Required work: Output, exactly as written, the lines below from the one that has "Aqua Fibro Extra" through the one that has "Красочная раскраска собака для детей 3-4 лет"; nothing else, and no pictures.

Task material:
· · ·
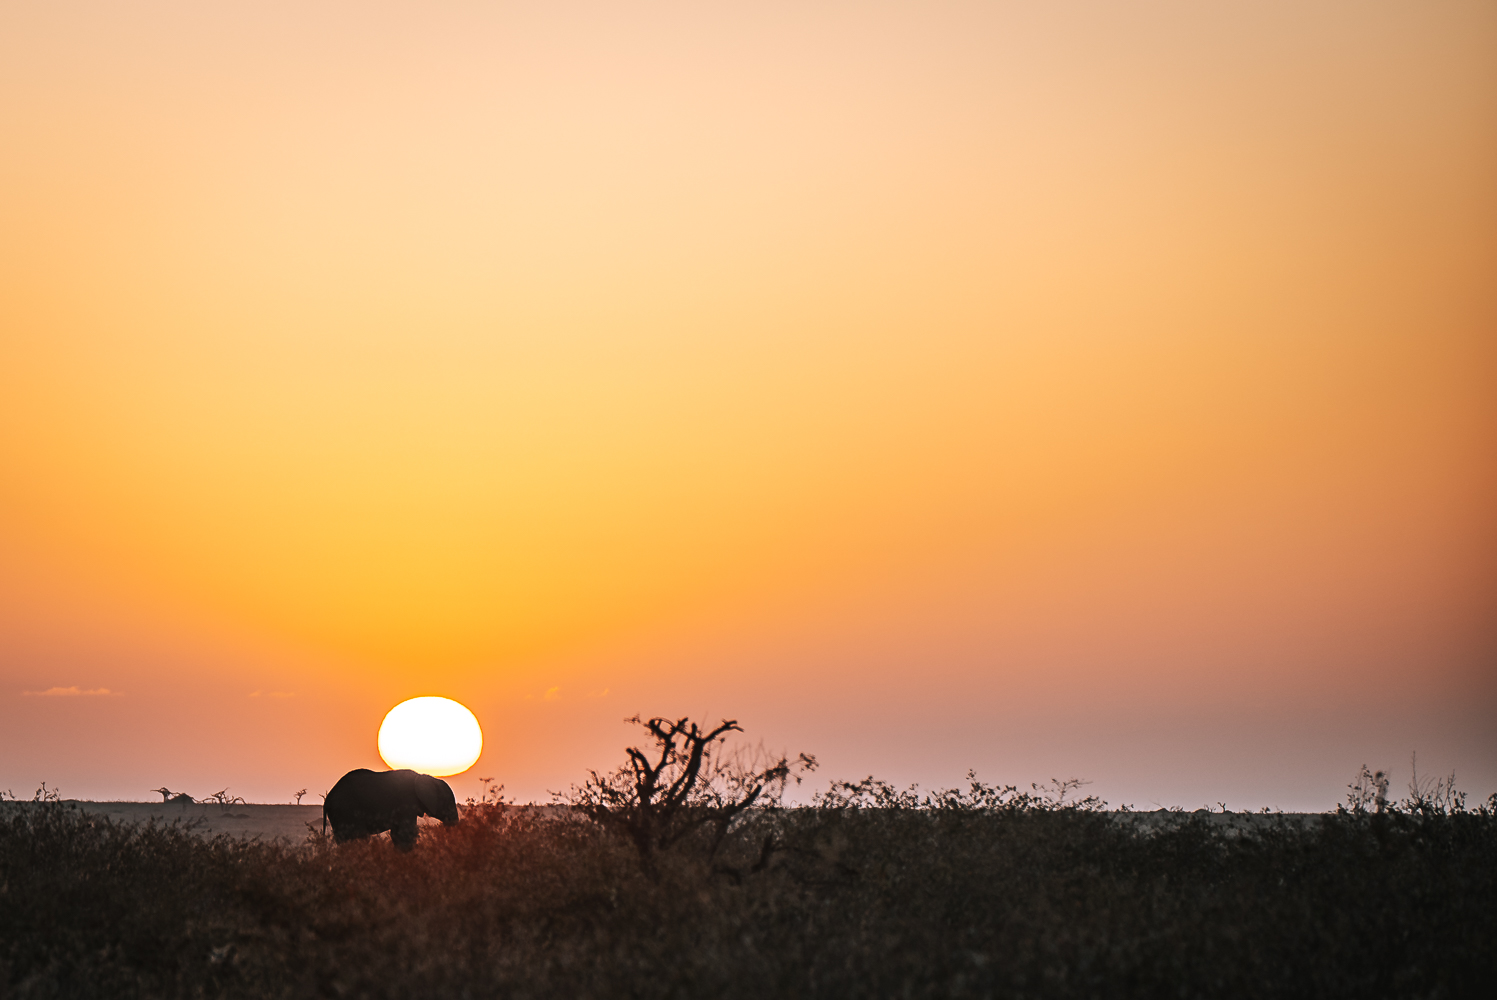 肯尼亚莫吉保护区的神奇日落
· · ·
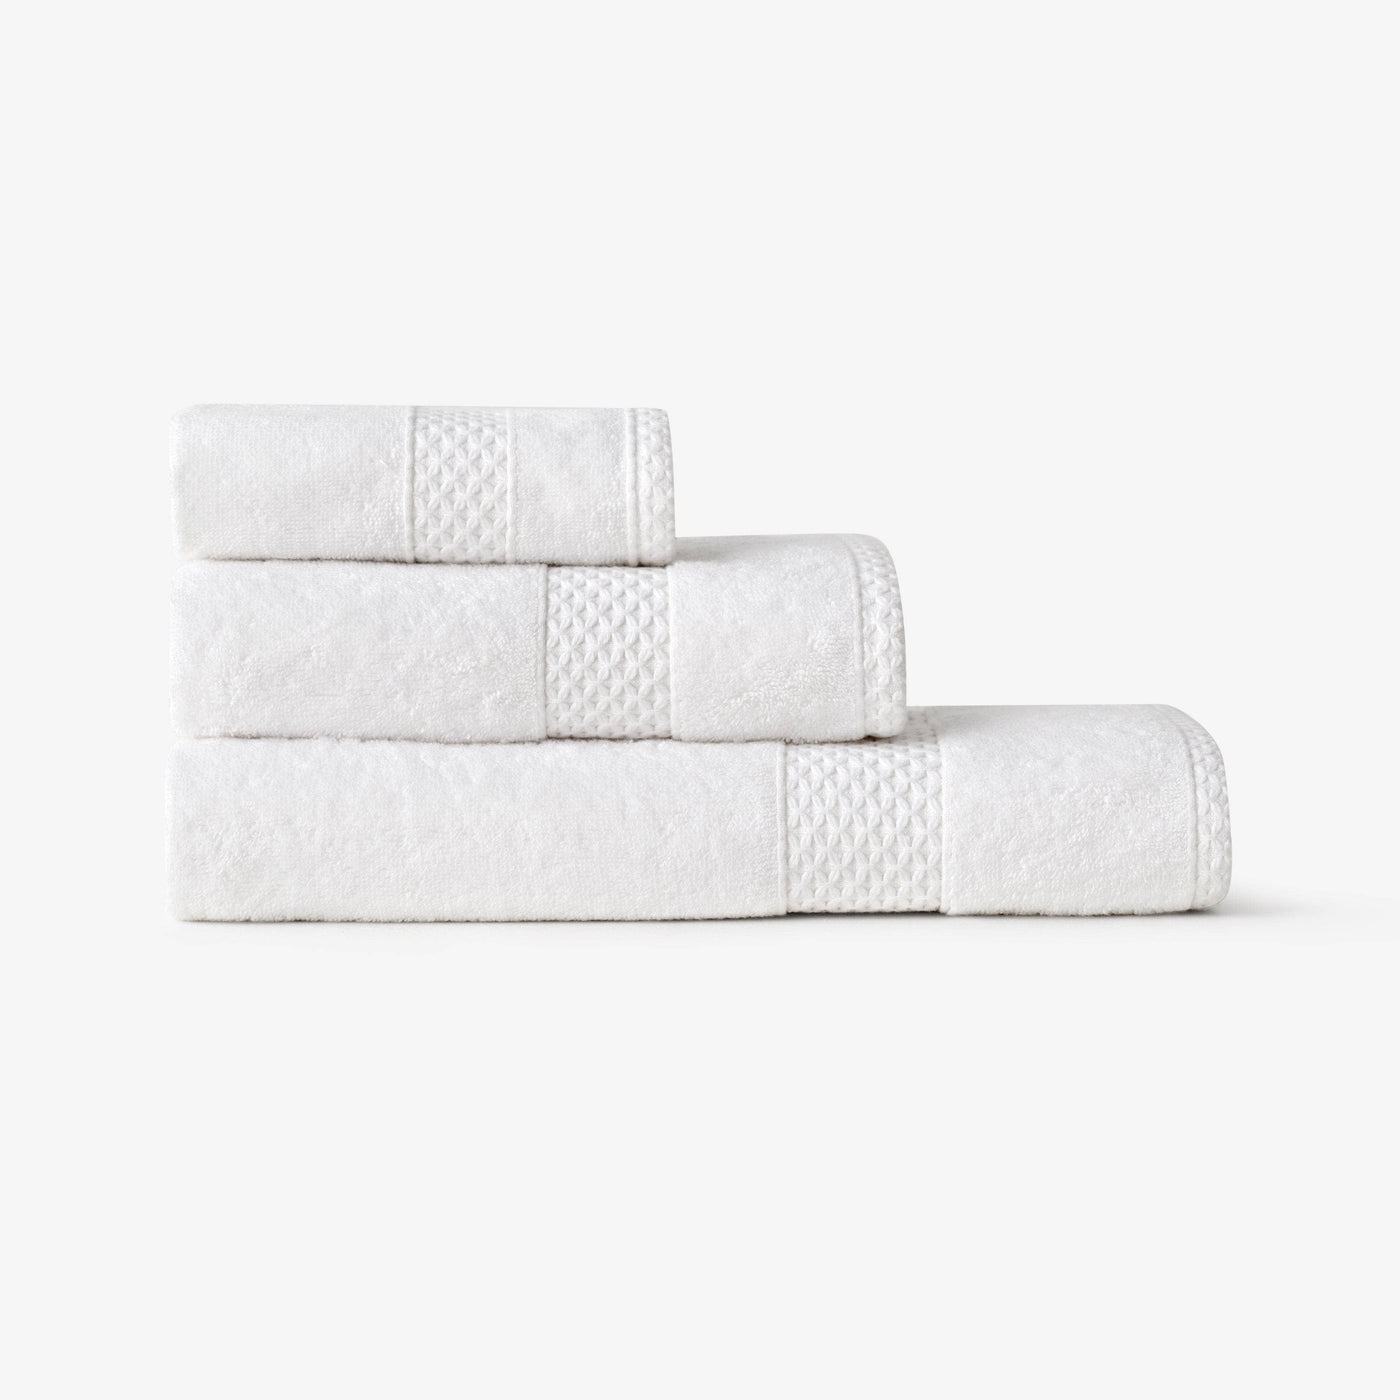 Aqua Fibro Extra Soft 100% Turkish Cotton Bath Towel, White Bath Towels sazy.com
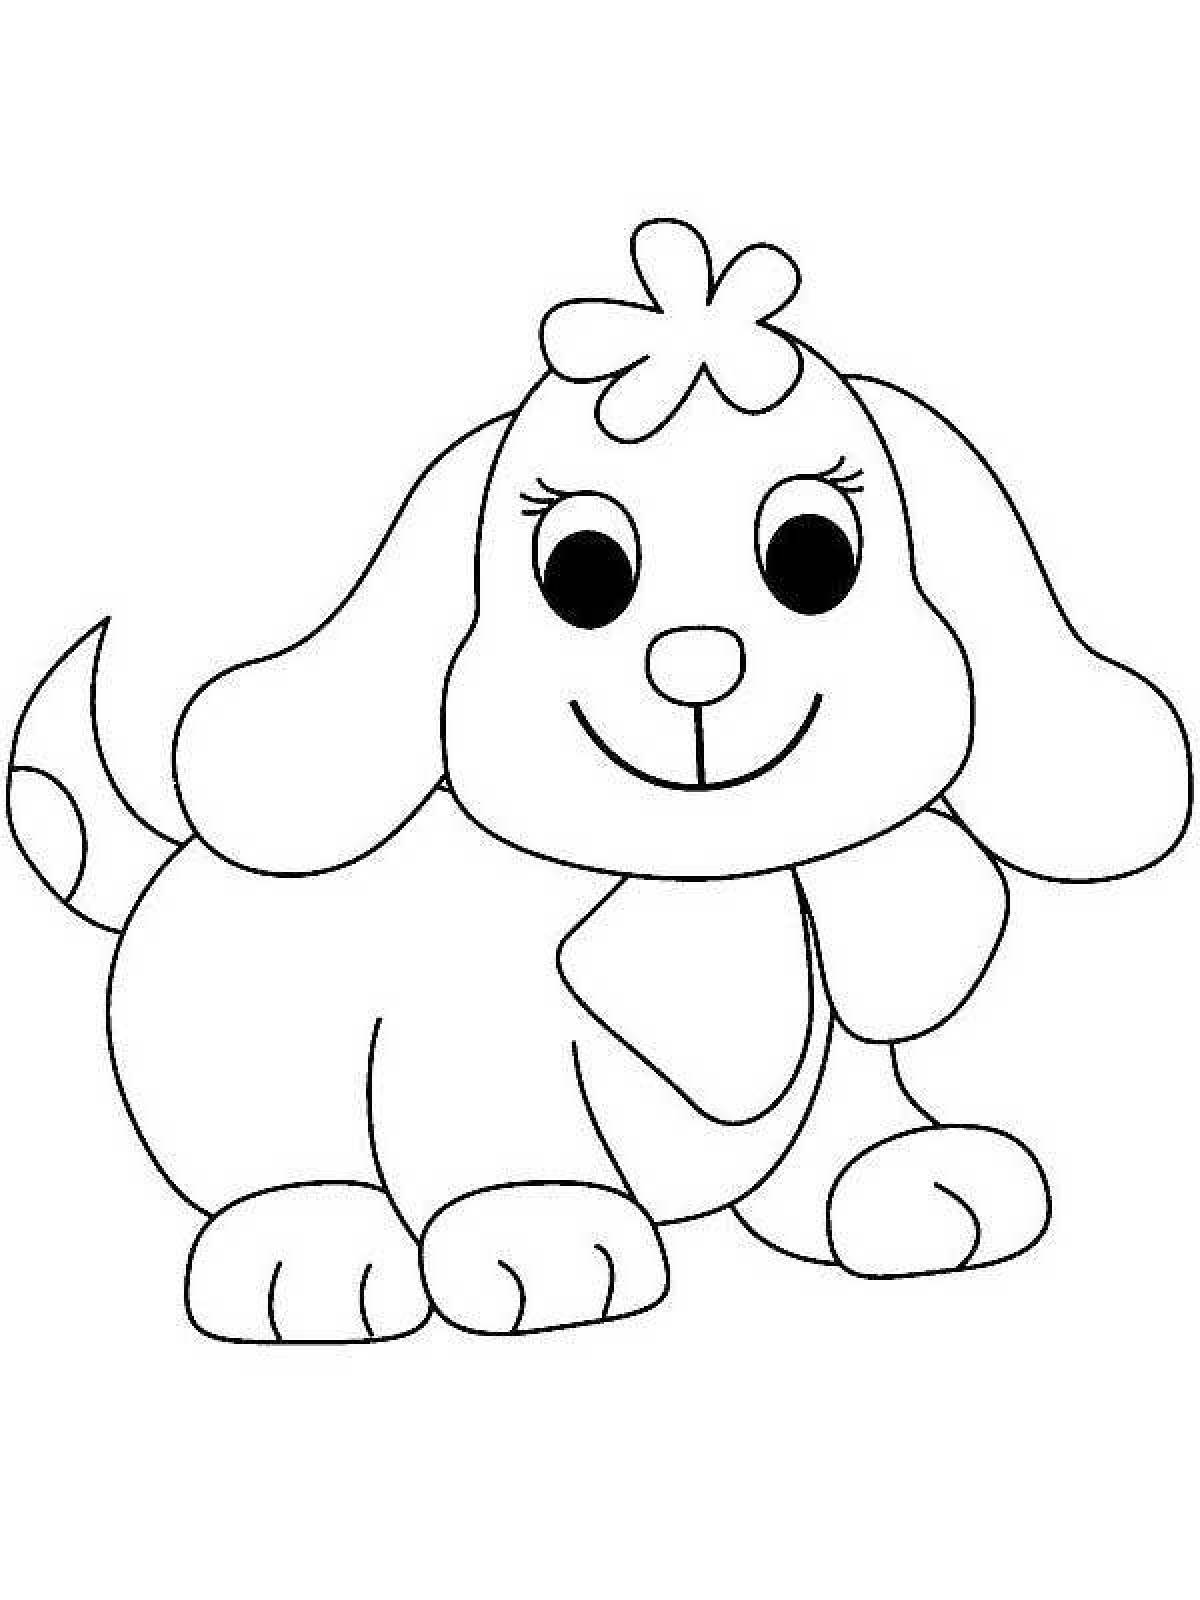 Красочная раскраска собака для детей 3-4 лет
· · ·
Problem solution:
 Aqua Fibro Extra Soft 100% Turkish Cotton Bath Towel, White Bath Towels sazy.com
 Красочная раскраска собака для детей 3-4 лет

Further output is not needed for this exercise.